EXERCISE: Exactly and only the lines below from the one containing "Stiže nova YouTube" down to the one containing "ГПУ: уголовное дело" are wanted, both included; please exclude every picture.

MATERIAL SHOWN:
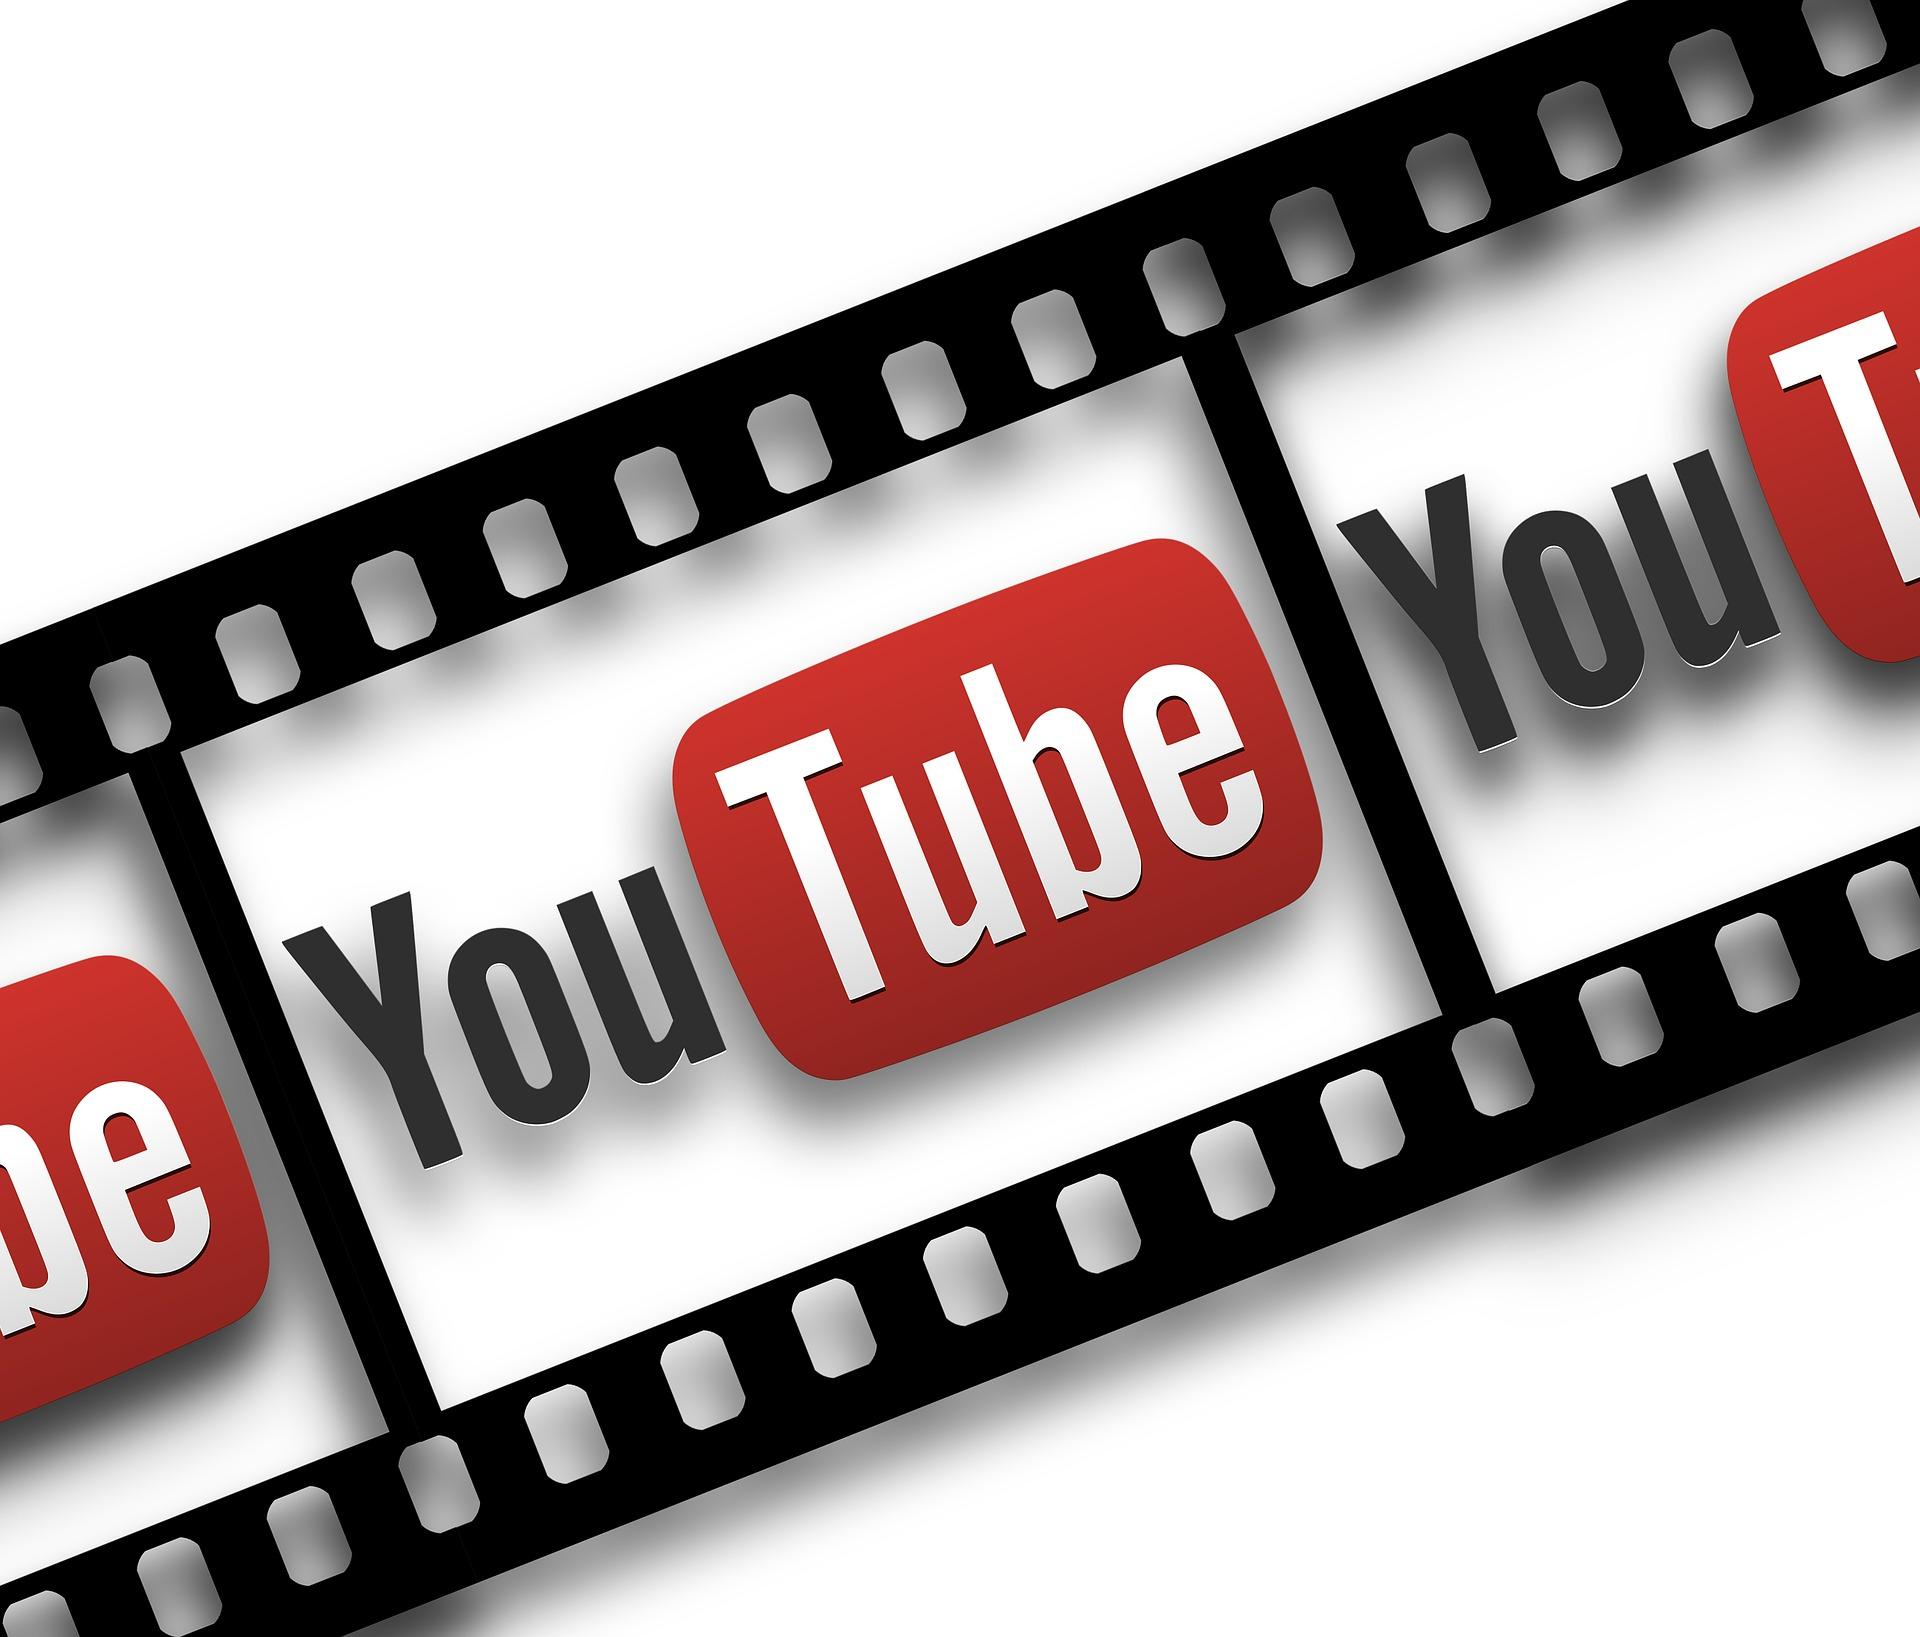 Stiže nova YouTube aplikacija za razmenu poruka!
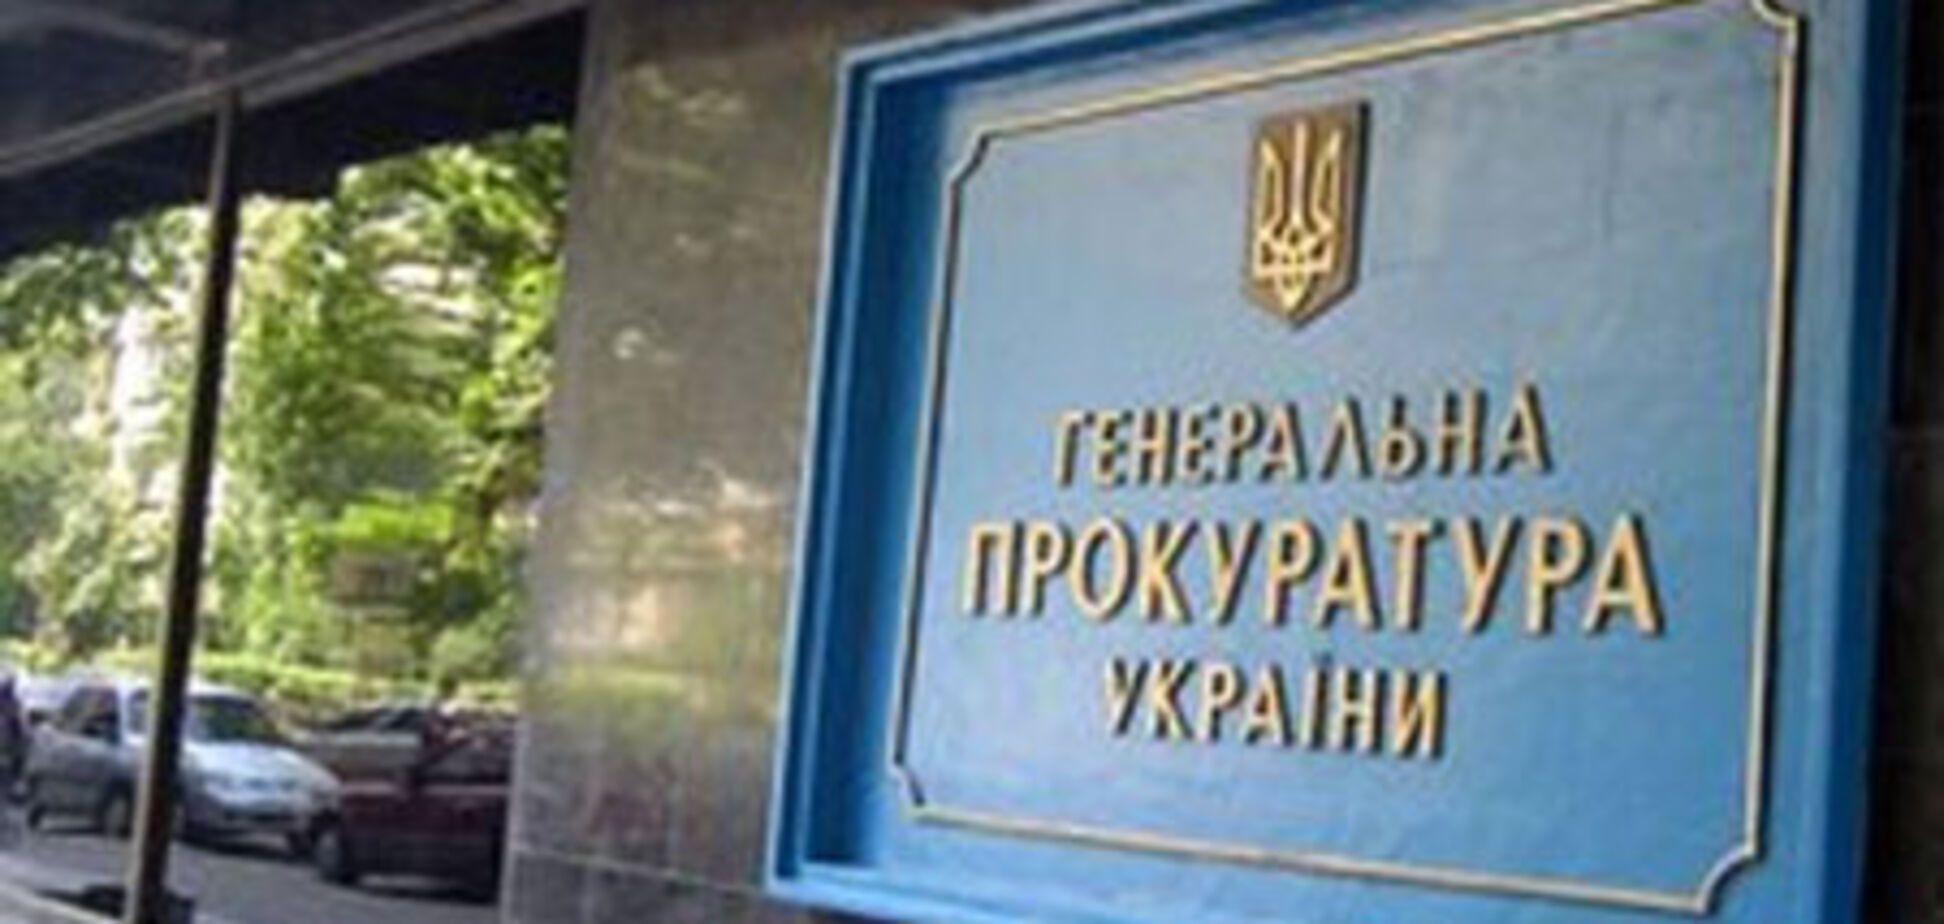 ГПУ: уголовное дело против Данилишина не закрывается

--

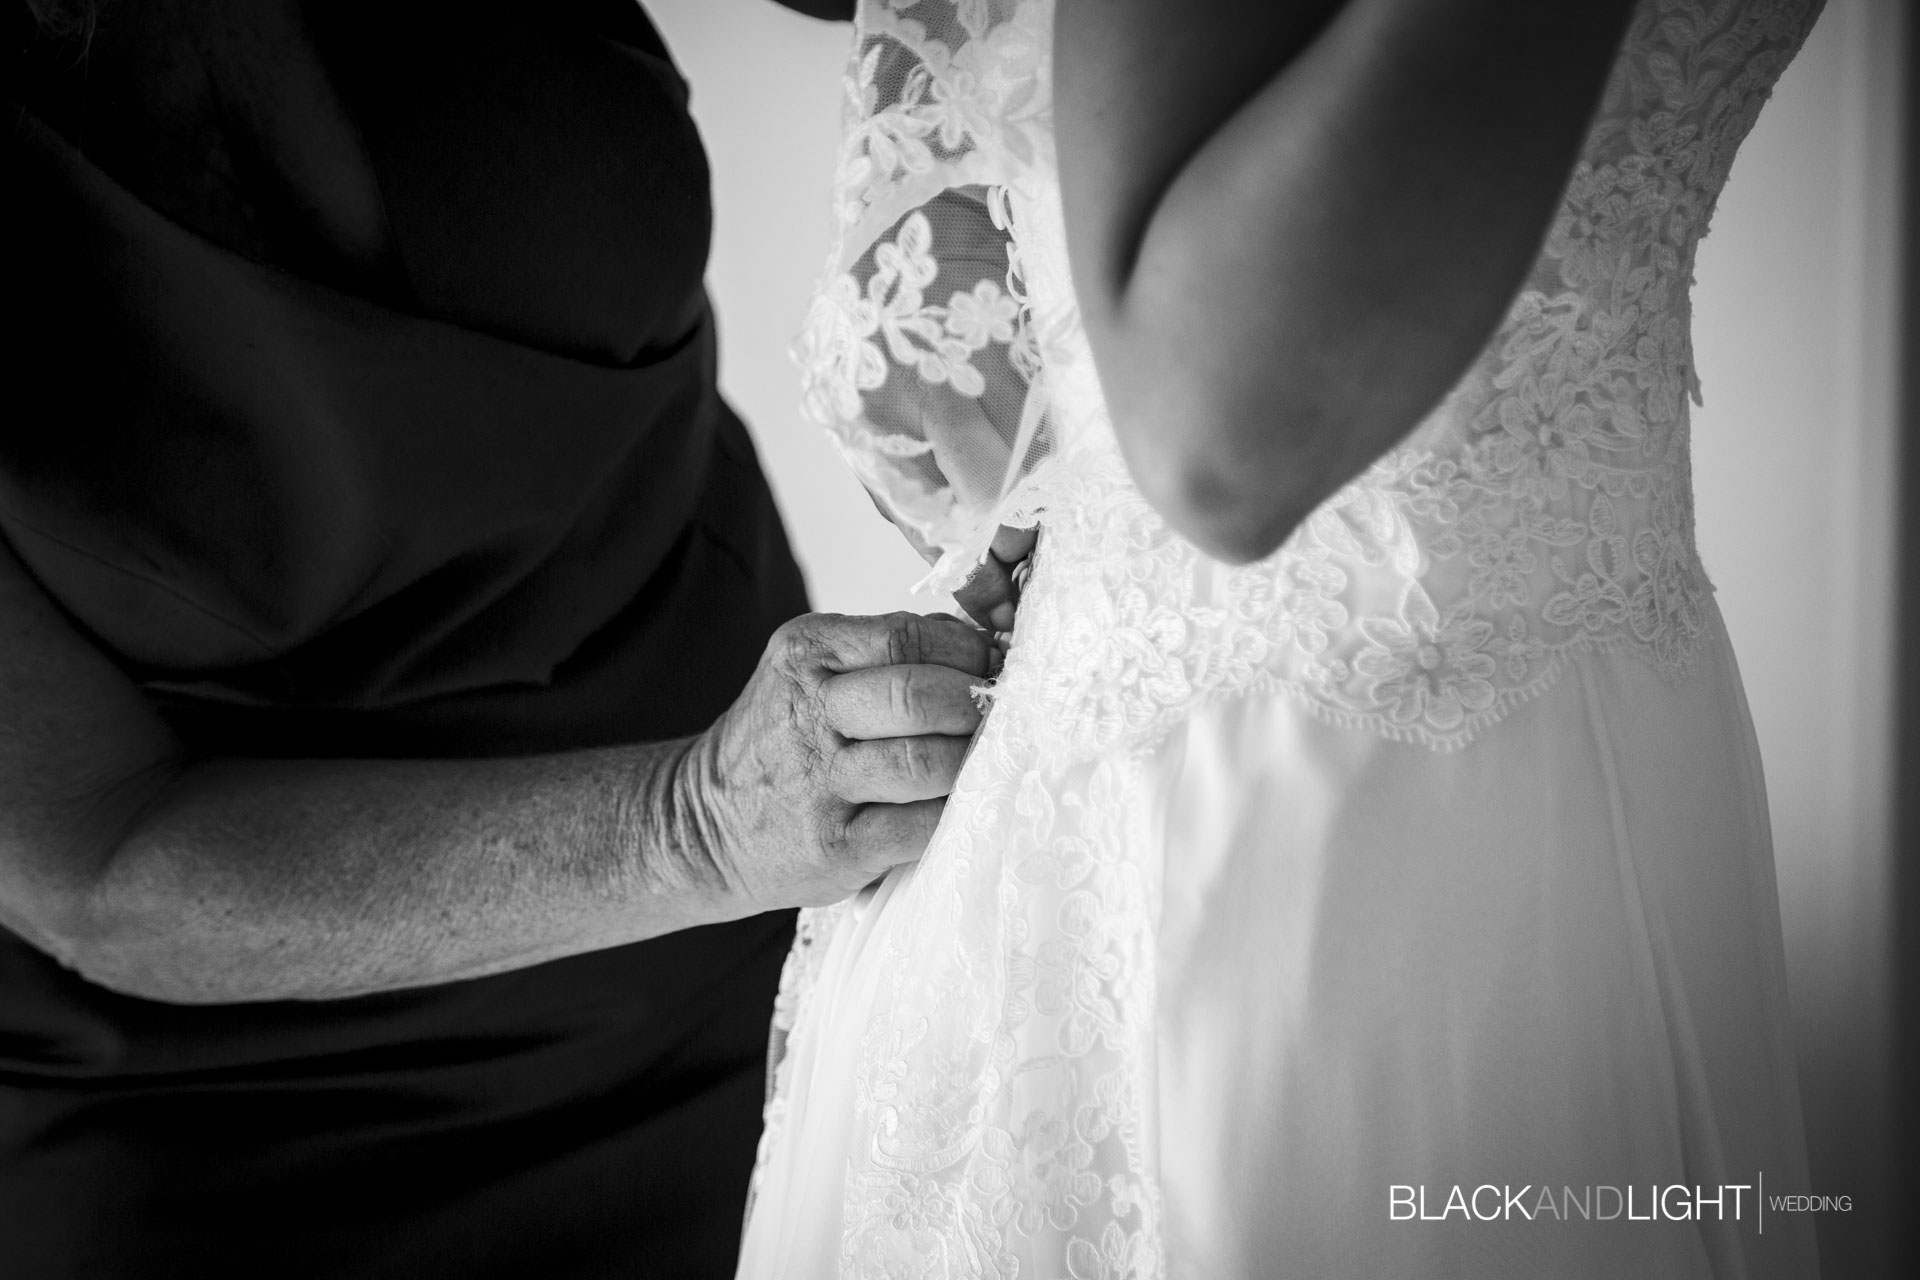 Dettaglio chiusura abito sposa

==

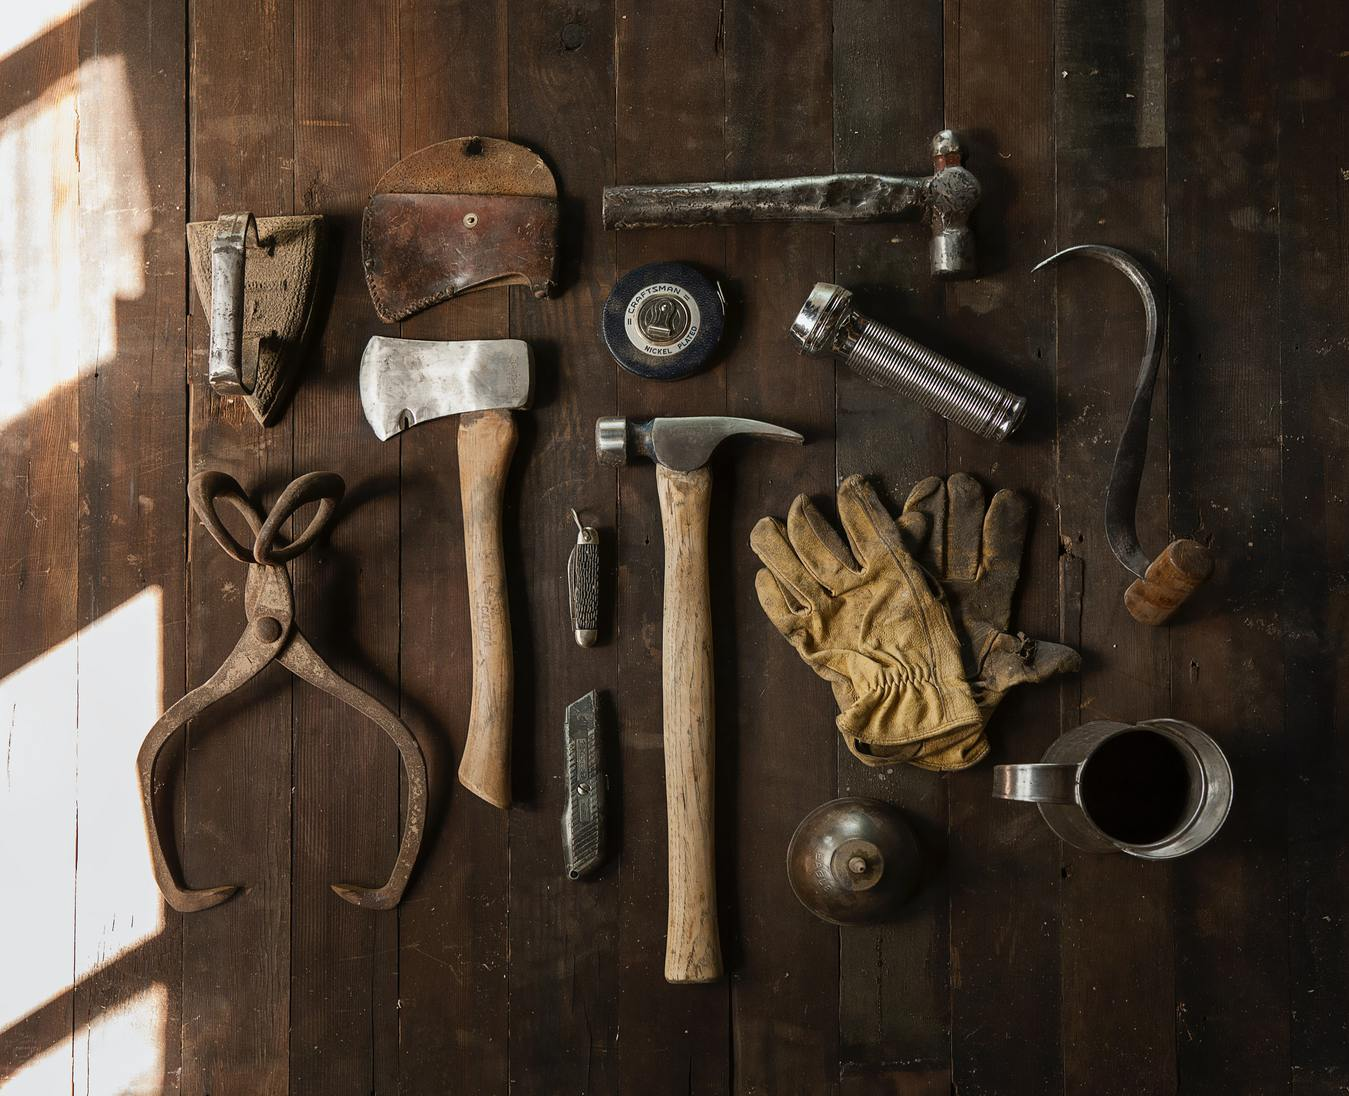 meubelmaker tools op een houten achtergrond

TASK ANSWER:
 Stiže nova YouTube aplikacija za razmenu poruka!
 ГПУ: уголовное дело против Данилишина не закрывается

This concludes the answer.